▶ **What you should do**
Only the pictures are to be omitted; everything else in the listing must be reproduced exactly.

▶ **Source material**
>>
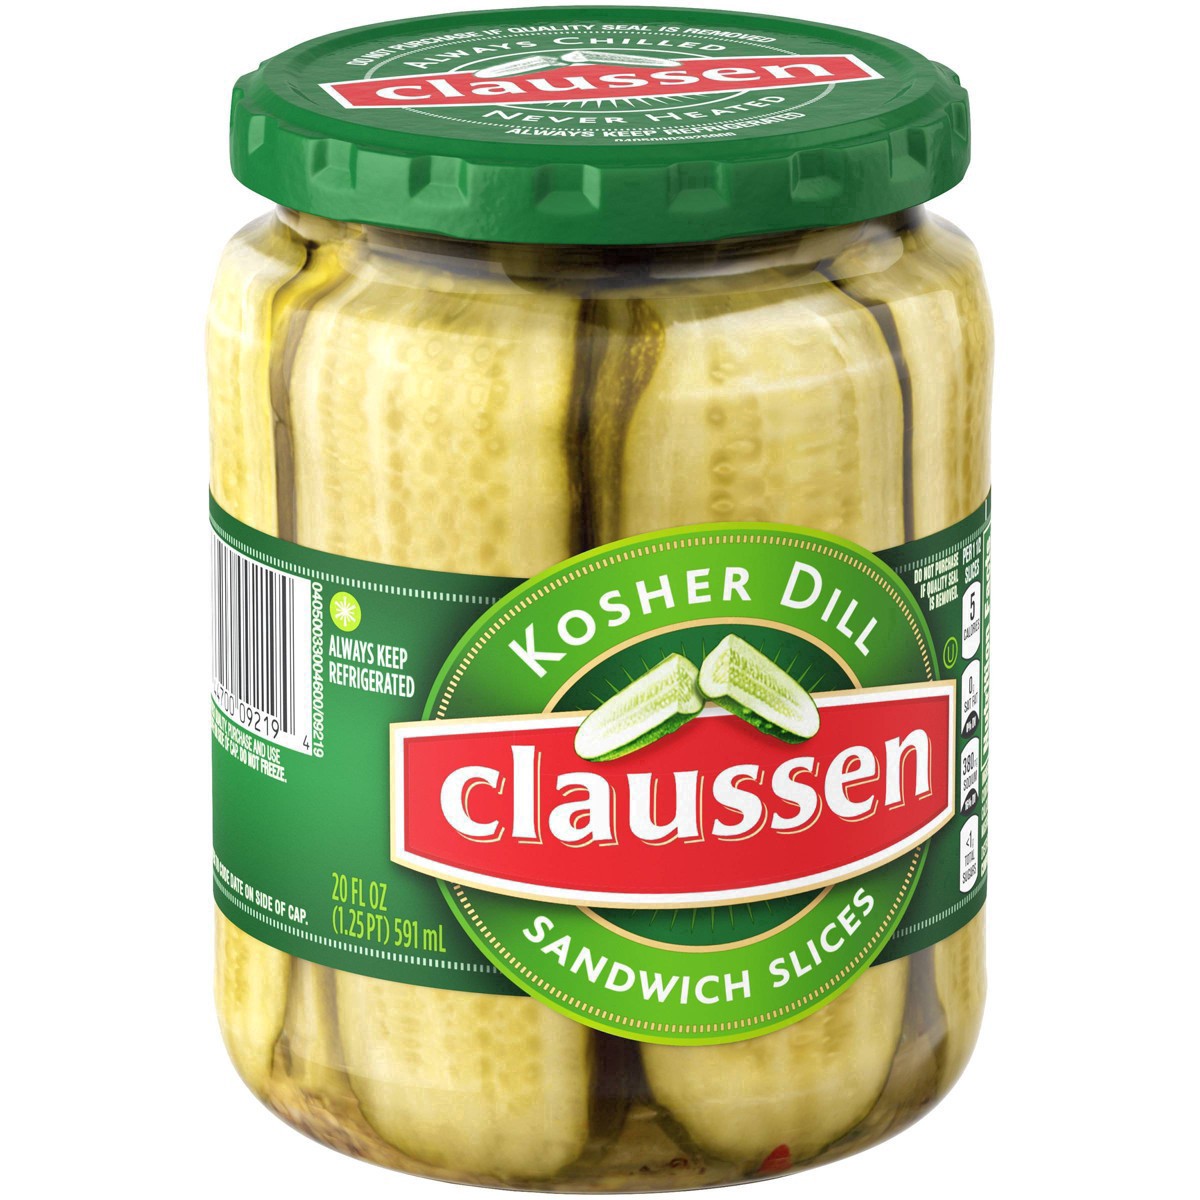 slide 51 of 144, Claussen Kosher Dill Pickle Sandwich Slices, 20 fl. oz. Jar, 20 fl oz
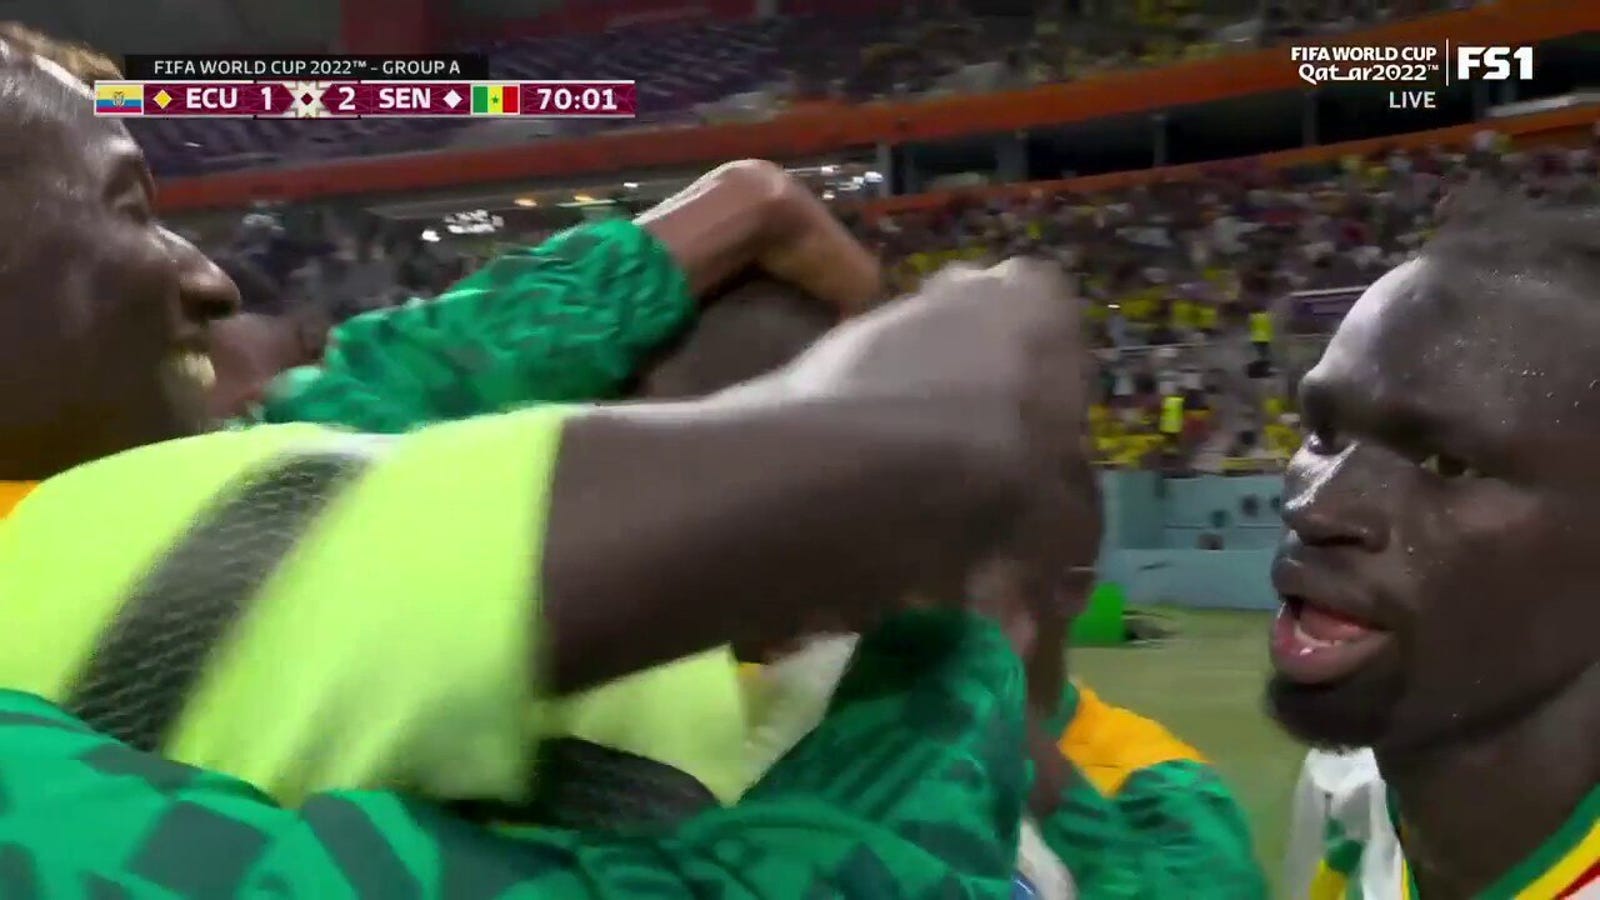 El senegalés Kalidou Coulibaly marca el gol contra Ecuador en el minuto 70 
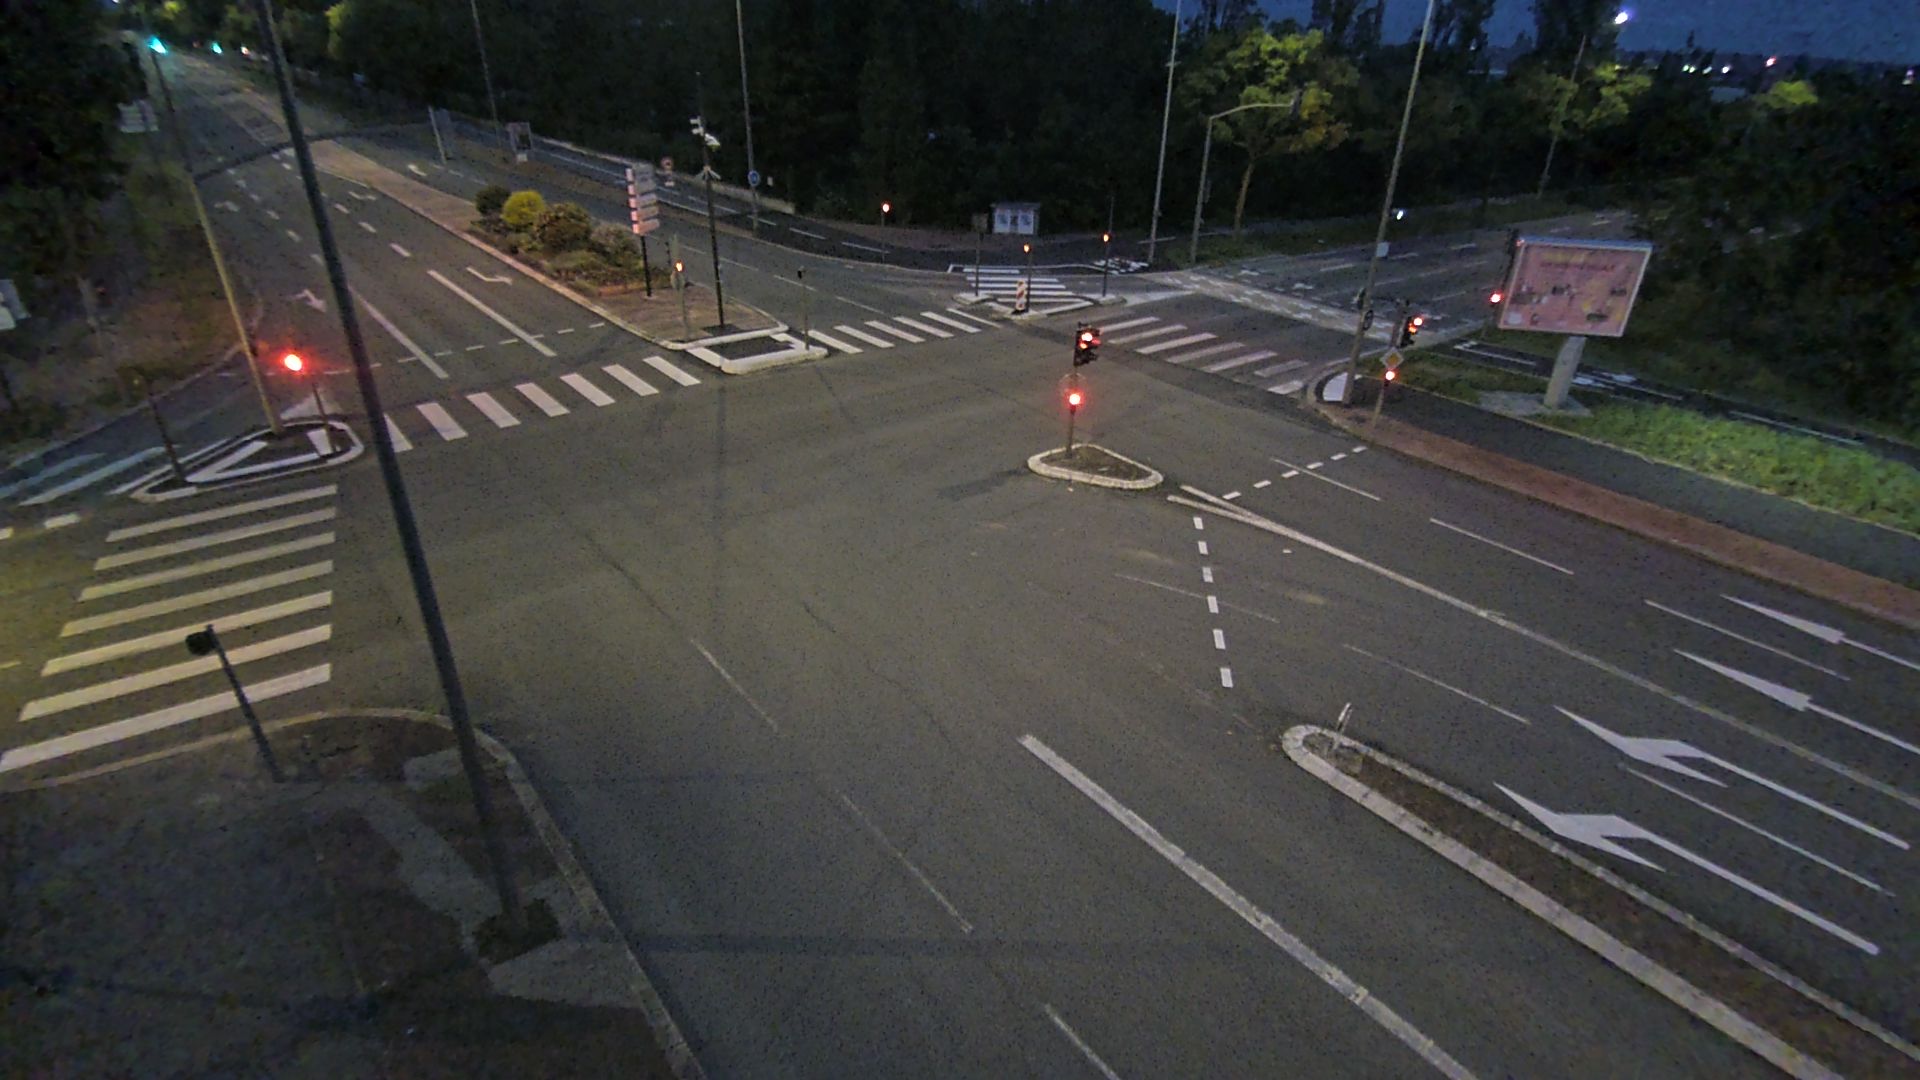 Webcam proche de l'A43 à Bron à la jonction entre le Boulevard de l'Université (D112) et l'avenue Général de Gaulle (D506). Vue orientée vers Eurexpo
<<
▶ **Exercise result**
 slide 51 of 144, Claussen Kosher Dill Pickle Sandwich Slices, 20 fl. oz. Jar, 20 fl oz
 El senegalés Kalidou Coulibaly marca el gol contra Ecuador en el minuto 70 
 Webcam proche de l'A43 à Bron à la jonction entre le Boulevard de l'Université (D112) et l'avenue Général de Gaulle (D506). Vue orientée vers Eurexpo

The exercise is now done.